Сначала Фрейдис ничего не отвечала. Потом, наконец, когда Торварда на самом деле разозлило ее упорное молчание, она сказала, что виделась с Финнбоги и его братом, чтобы попросить у них продать или одолжить их кнорр.
— Они мне ответили грубым отказом, — сказала она. — Смеялись мне в лицо, да еще оскорбляли меня. Они сказали, что я все больше становлюсь похожа на мужчину, и что тебе, а не мне пристало обсуждать с ними это дело. А Финнбоги так разошелся, что ударил меня и сбил с ног.
Торвард разбушевался. Он обязательно пойдет и задаст братьям хорошую взбучку, сказал он. Фрейдис воспользовалась его похвальбой.

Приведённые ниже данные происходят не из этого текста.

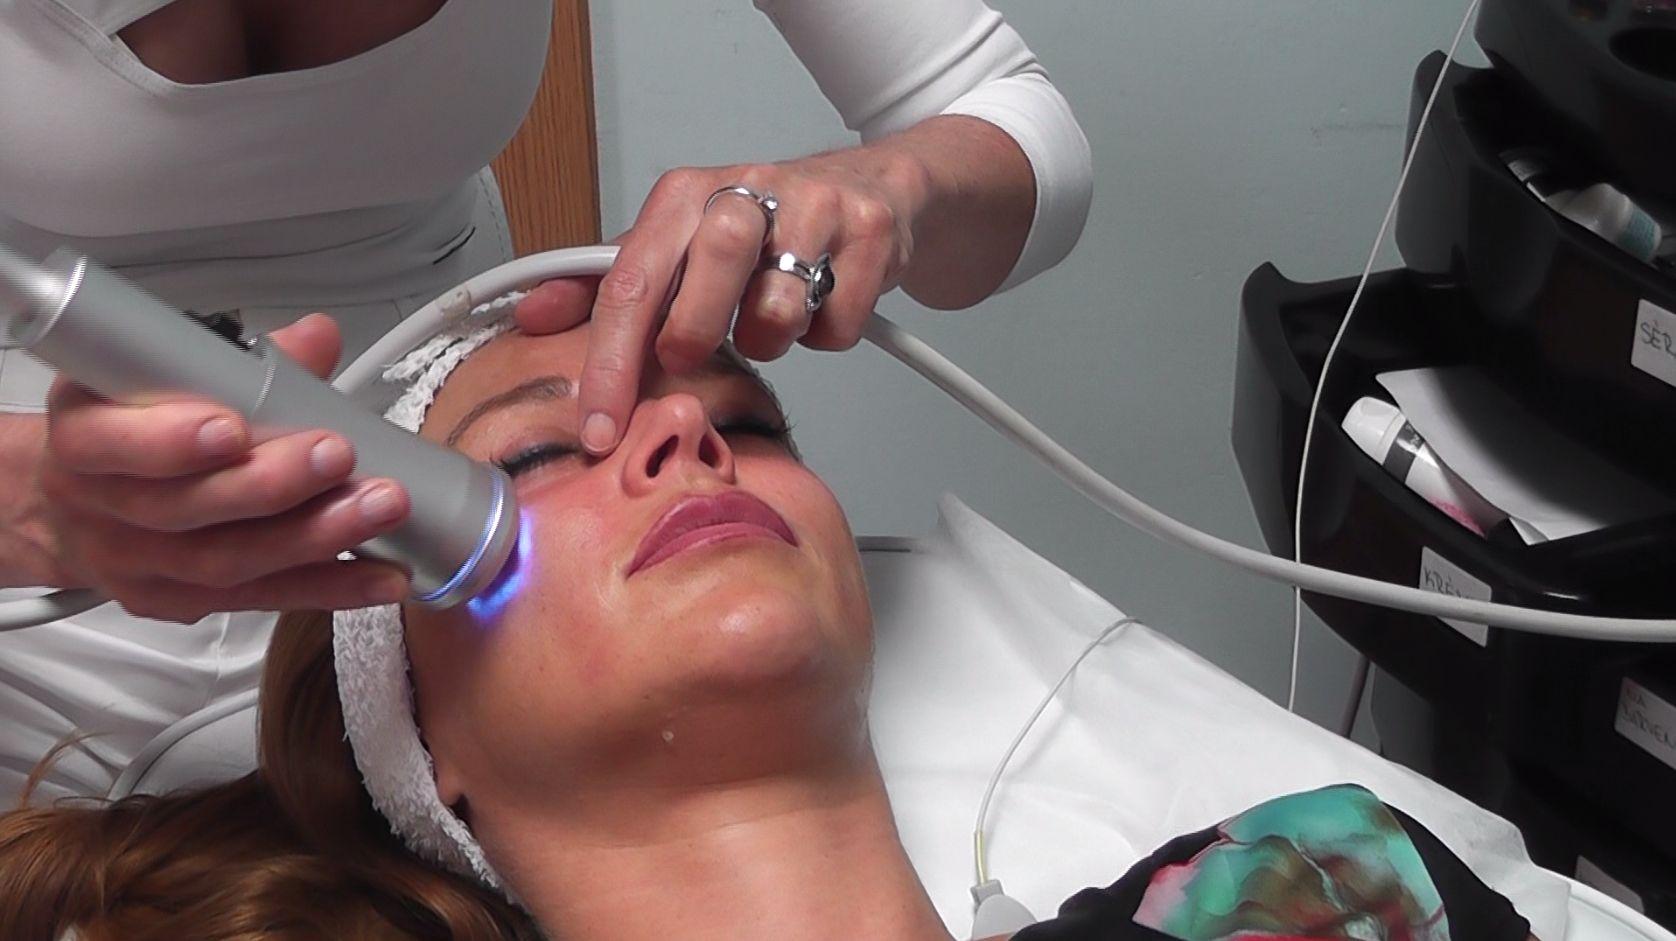 Sauerstoffbehandlung Oxyjet glattere straffere Haut, Clietin bei der Verfahren. Prag 9.

— Будь ты настоящим мужем, а не половиной мужчины, — язвила она его, — ты не стал бы здесь полеживать да на словах грозить двум негодяям, унизившим меня. Настоящий мужчина пошел бы и отомстил за мою честь. Но ты червяк, ты такой трус, что ничего не посмеешь сделать. Я знаю тебя и твои трусливые замашки, да и половина Браттахлида знает. Вот вернемся домой, и я разведусь с тобой, обвинив тебя в трусости, и не найдется такого человека, который мне не посочувствует.
Как обычно, моя тетка знала, куда бить. Трусость у северян — едва ли не наихудшее и позорнейшее основание для немедленного развода, хуже этого только мужеложство. Такого Торвард уже не мог вынести. Он вскочил, накинул на себя одежду и схватил топор и меч. И вот уже Фрейдис, идучи за ним по пятам, стала призывать других гренландцев последовать за своим вождем, а Торвард вяз и оскальзывался на раскисшей тропинке, ведущей к дому исландцев. Он ворвался вовнутрь и бросился к Хельги, сидевшему на скамье и спросонья размышлявшему о предложении Фрейдис насчет покупки кнорра. Торвард со всего маху вонзил топор в грудь Хельги и убил его. И тут началась бойня. Гренландцев набегало все больше и больше, они размахивали оружием, рубили и кололи несчастных исландцев, застигнутых врасплох. Раздавались проклятья и крики, сонные исландцы скатывались со скамей, пытались найти оружие, чтобы защититься. Но они оказались в проигрышном положении. Большая часть из них погибла, даже не проснувшись или не успев взяться за оружие.
Я был еще слишком мал, чтобы меня позвали участвовать в этом набеге на исландцев, но я слышал вопли и шум резни и, припустив к боковому входу в дом исландцев, оказался внутри как раз тогда, когда Фрейдис вытащила из-под кровати меч Хельги и, бросившись к его брату Финнбоги, чтобы тот не успел открыть правду, ткнула его с такой силой, что лезвие вышло из спины на ширину ладони. Потом она вытащила меч и присоединилась к общей кровавой бане.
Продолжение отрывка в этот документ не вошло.